This Jupyter Notebook provides an introduction to how notebooks work. It demonstrates how to execute code and markdown text cells, how to import Python packages and learn about their modules, and provides links to further documentation.

This Notebook also demonstrates the basic functionality of the Rubin Science Platform (RSP) installed at the Interim Data Facility (IDF; the Google Cloud), such as how to use the TAP service to query and retrieved catalog data; matplotlib to plot catalog data; the LSST Butler package to query and retrieve image data; and the LSST afwDisplay package to display images.

This Notebook uses the Data Preview 0.2 (DP0.2) data set. This data set uses a subset of the DESC's Data Challenge 2 (DC2) simulated images, which have been *reprocessed* by Rubin Observatory using Version 23 of the LSST Science Pipelines. More information about the simulated data can be found in the <a href="https://ui.adsabs.harvard.edu/abs/2021ApJS..253...31L/abstract">DESC's DC2 paper</a> and in the <a href="dp0-2.lsst.io">DP0.2 data release documentation</a>.

### 1.1. How to Use a Jupyter Notebook

Jupyter Notebooks contain a mix of code, output, visualizations, and narrative text. The most comprehensive source for documentation about Jupyter Notebooks is https://jupyter-notebook.readthedocs.io, but there are many great beginner-level tutorials and demos out there. Usually a web search of a question, like "how to make a table in markdown jupyter notebook", will yield several good examples. Often the answers will be found in <a href="https://stackoverflow.com/">StackOverflow</a>.

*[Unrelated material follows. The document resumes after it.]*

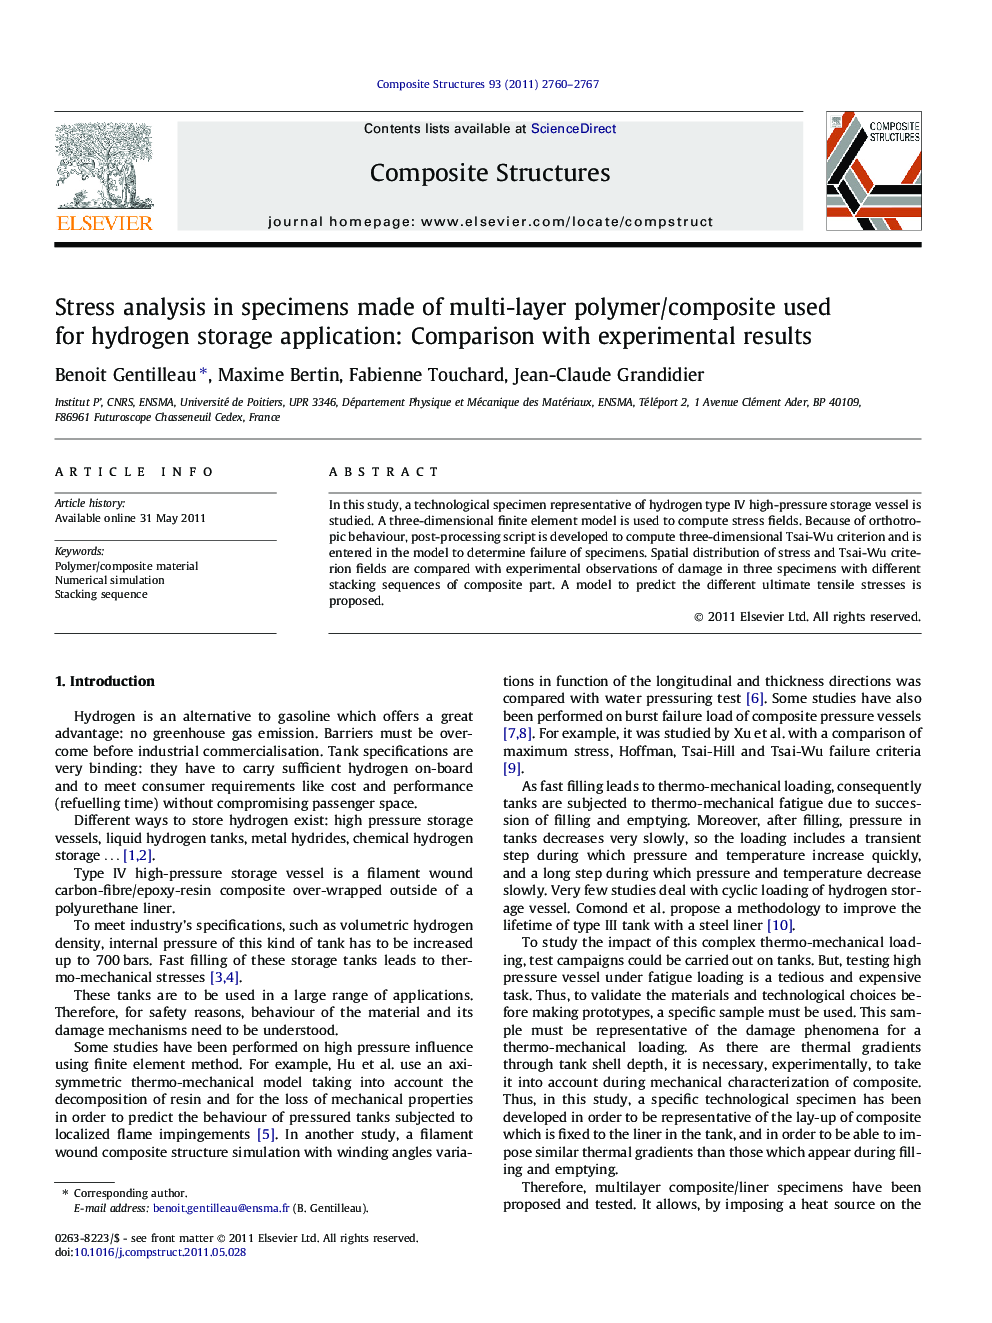 Stress analysis in specimens made of multi-layer polymer/composite used for hydrogen storage application: Comparison with experimental results
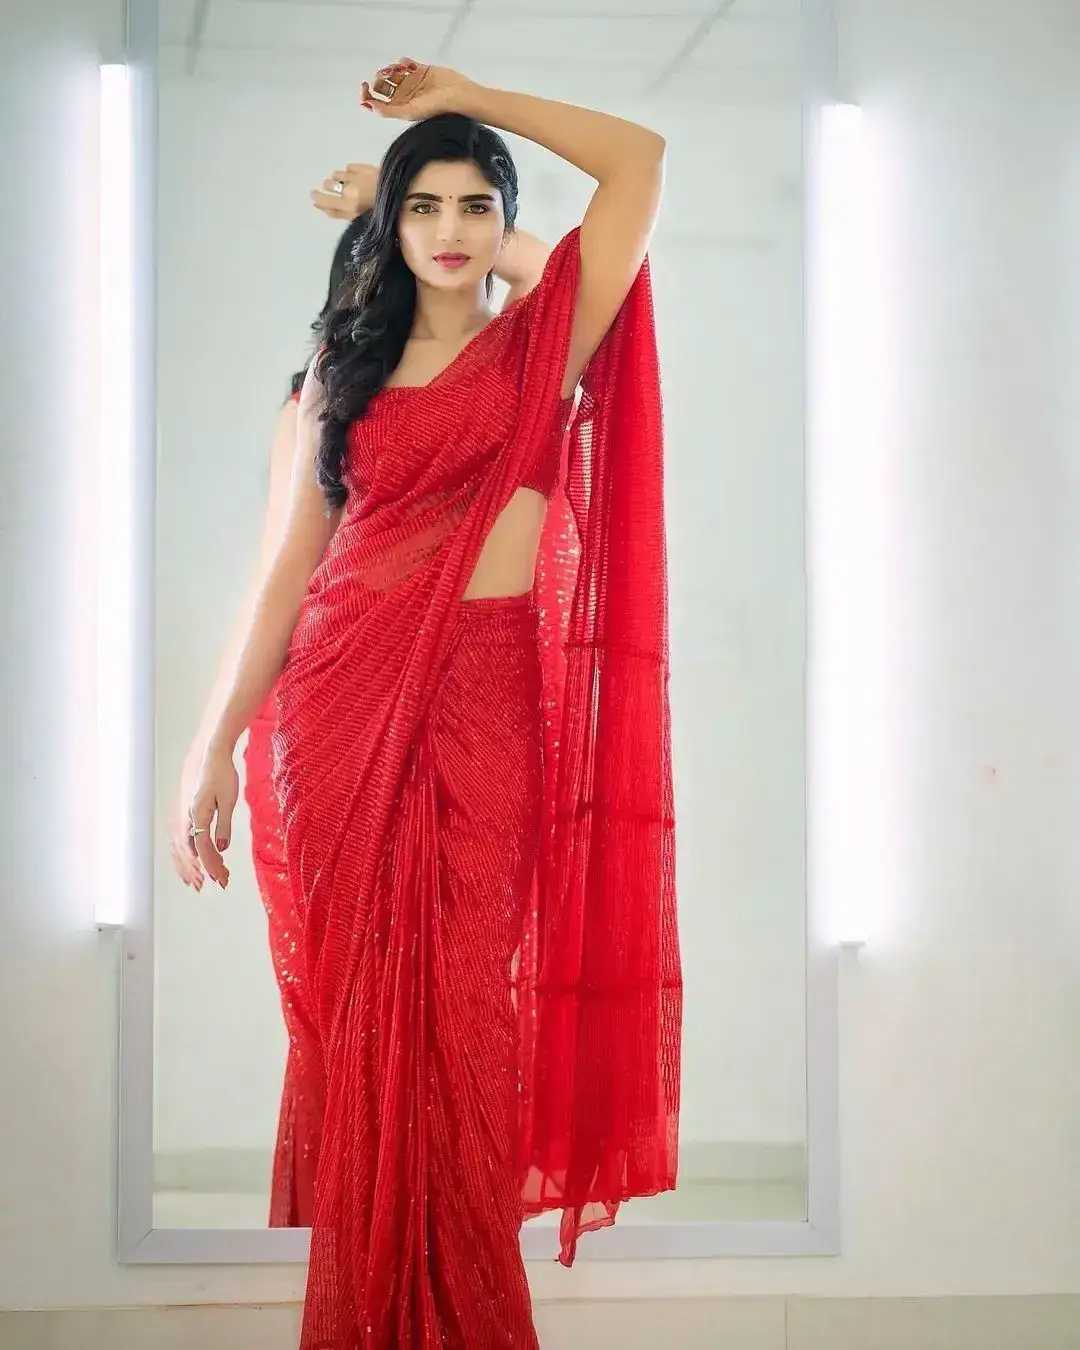 INDIAN ACTRESS JABARDASTH VARSHA IMAGES IN RED COLOUR SAREE

A Jupyter Notebook is a series of cells. There are three types of cells: code, markdown, and raw. This text was generated from a markdown cell. Up in the menu bar you will find a drop-down menu to set the cell type.

> **Important:** All of the code cells in a notebook should be executed in the order that they appear.

Click in the following code cell: with the cursor in the cell, simultaneously press "shift" and "enter" (or "return") to execute the cell code.

In [None]:
# This is a code cell. Press shift-enter to execute.
# The # makes these lines comments, not code. They are not executed.
print('Hello, world!')

<!---
This is a markdown cell.
Press shift-enter to execute, and see the formatted text reappear.
-->

Double click on THESE WORDS IN THIS MARKDOWN CELL to see the markdown source code.

#### FAQ (Jupyter Notebooks)

>**Important: How do I emergency-stop a notebook?** If a code cell is taking a long time to execute (for example you accidentally tried to retrieve an entire catalog or tried to print 100,000 rows) and you need to kill it, go to "Kernel" in the top menu bar and select "Restart Kernel and Clear All Outputs". It might still take a few tens of seconds, but it will stop the process and restart the kernel.

**How can I quickly execute all the cells?** Go to the top menu bar and select "Kernel", then "Restart Kernel and Run All Cells".

**What is a kernel?** The kernel is the computational engine for the notebook. In this case, we are using a Python3 kernel. You can think of the kernel as a live compiler. Restarting the kernel means that all defined variables or functions are removed from memory, and all code cells revert to an "unexecuted" state.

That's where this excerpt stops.